Kalewa is a town at the confluence of the Chindwin River and the Myittha River in Kale District, Sagaing Region of north-western Myanmar. It is the administrative seat of Kalewa Township.

==Climate==

Kalewa has a tropical savanna climate (Köppen climate classification Aw). Temperatures are very warm throughout the year, although the winter months (December–February) are milder.
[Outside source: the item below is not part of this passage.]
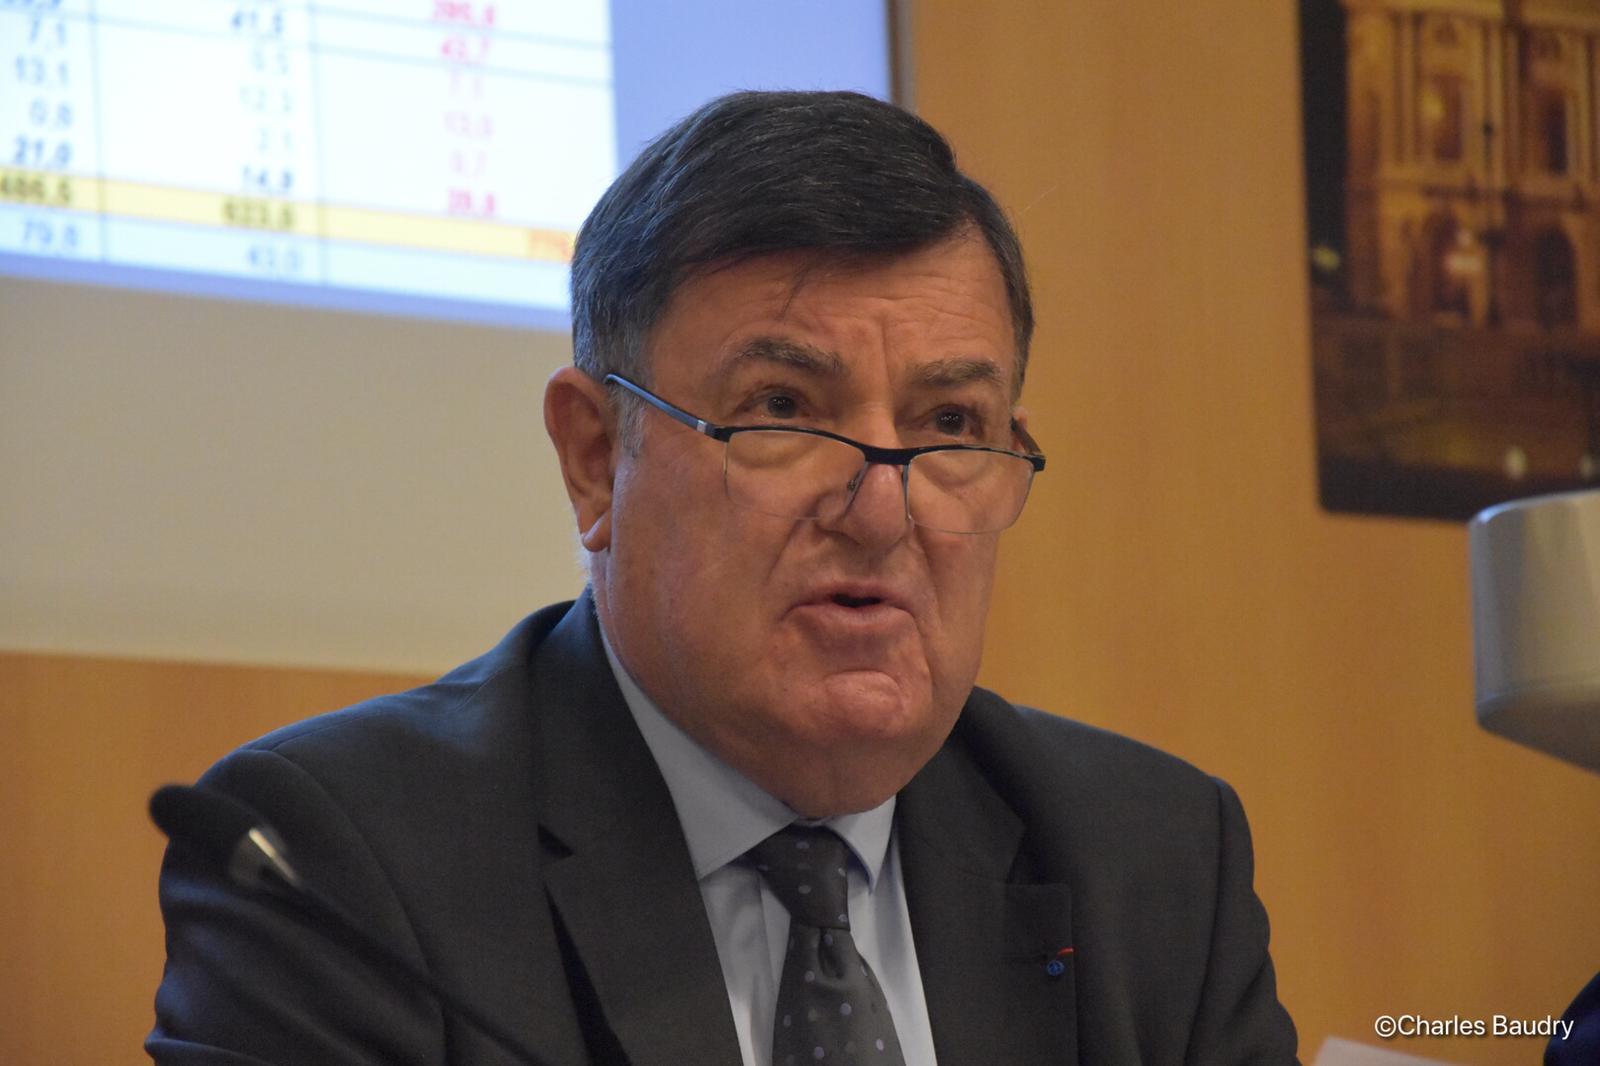 2020 en Outre-mer: «La FEDOM veillera à ce que les intérêts des entreprises ne passent pas au second plan si réforme il y a»Jean-Pierre Philibert, Président de la FEDOM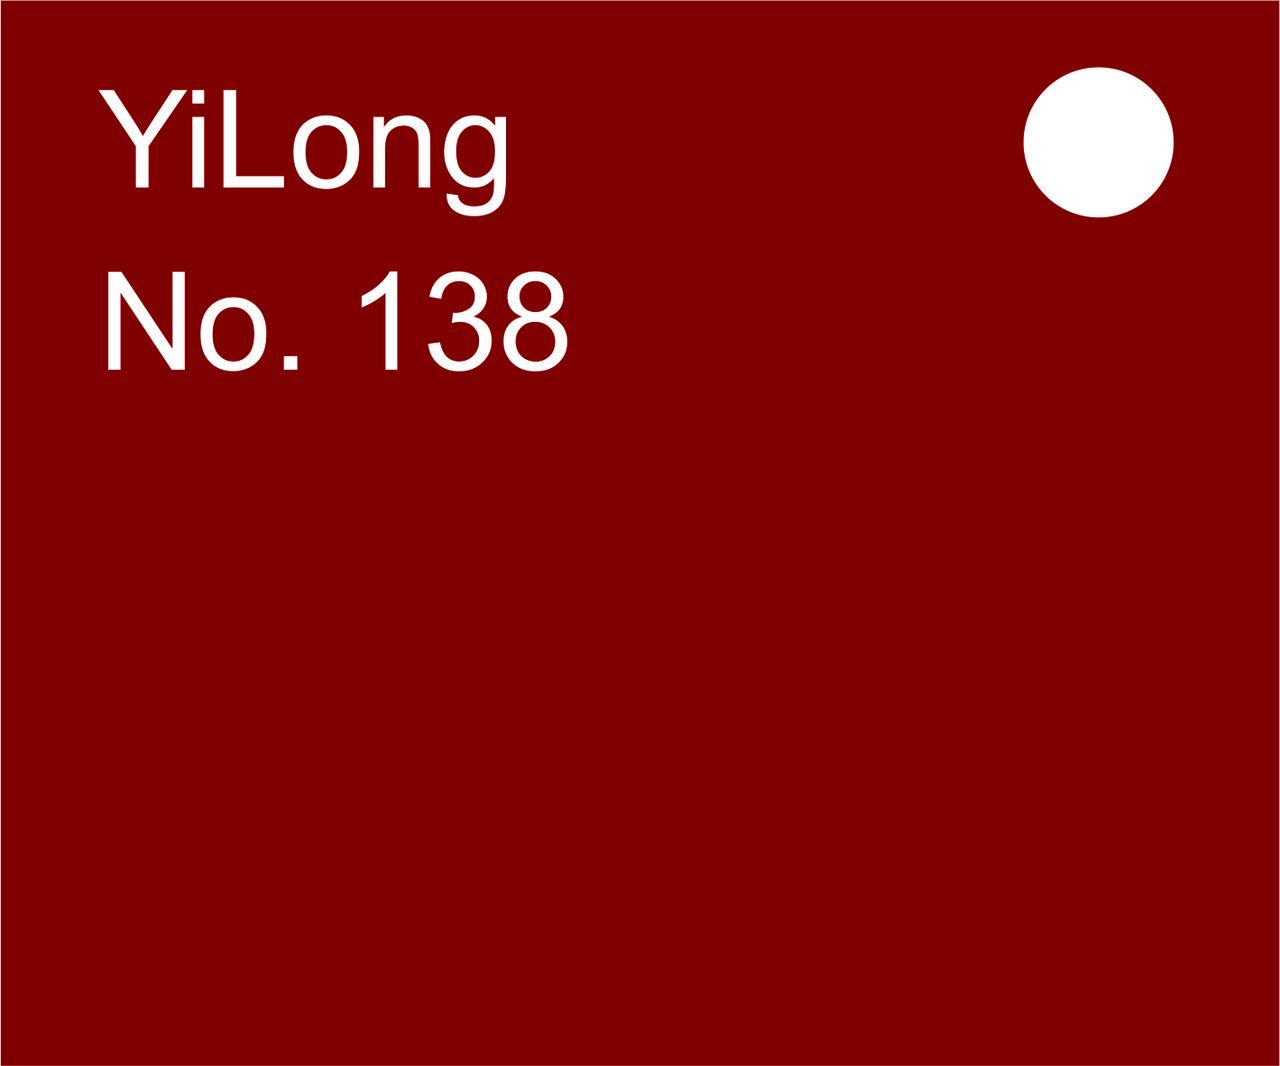 Акрил темно-красный 2мм (1,25м х 2,48м)

The pre-monsoon months from March to May are especially hot, with maximum temperatures around 35 °C. There is a winter dry season (November–April) and a summer wet season (May–October).

Climate data for Kalewa (1981–2010)
| Month | Jan | Feb | Mar | Apr | May | Jun | Jul | Aug | Sep | Oct | Nov | Dec | Year |
| Record high °C (°F) | 30.8 (87.4) | 37.2 (99.0) | 41.8 (107.2) | 43.4 (110.1) | 45.0 (113.0) | 42.8 (109.0) | 38.9 (102.0) | 37.2 (99.0) | 35.6 (96.1) | 35.1 (95.2) | 32.8 (91.0) | 30.1 (86.2) | 45.0 (113.0) |
| Mean daily maximum °C (°F) | 25.6 (78.1) | 29.2 (84.6) | 33.9 (93.0) | 36.5 (97.7) | 35.7 (96.3) | 32.9 (91.2) | 32.5 (90.5) | 31.9 (89.4) | 31.5 (88.7) | 30.9 (87.6) | 27.9 (82.2) | 25.0 (77.0) | 31.1 (88.0) |
| Mean daily minimum °C (°F) | 13.3 (55.9) | 14.4 (57.9) | 17.9 (64.2) | 22.1 (71.8) | 24.2 (75.6) | 25.0 (77.0) | 25.0 (77.0) | 24.8 (76.6) | 24.1 (75.4) | 22.9 (73.2) | 19.1 (66.4) | 14.9 (58.8) | 20.6 (69.1) |
| Record low °C (°F) | 9.4 (48.9) | 9.5 (49.1) | 10.0 (50.0) | 15.6 (60.1) | 15.5 (59.9) | 21.8 (71.2) | 22.4 (72.3) | 20.8 (69.4) | 21.5 (70.7) | 18.6 (65.5) | 13.4 (56.1) | 10.7 (51.3) | 9.4 (48.9) |
| Average rainfall mm (inches) | 2.9 (0.11) | 4.0 (0.16) | 17.3 (0.68) | 37.6 (1.48) | 182.0 (7.17) | 272.1 (10.71) | 245.6 (9.67) | 303.3 (11.94) | 346.3 (13.63) | 187.5 (7.38) | 38.7 (1.52) | 4.0 (0.16) | 1,641.3 (64.62) |
Source: Norwegian Meteorological Institute

==Economy==
Upstream from Mandalay and Monywa on the Chindwin River, Kalewa is gaining importance as a staging point for trade between Burma and India.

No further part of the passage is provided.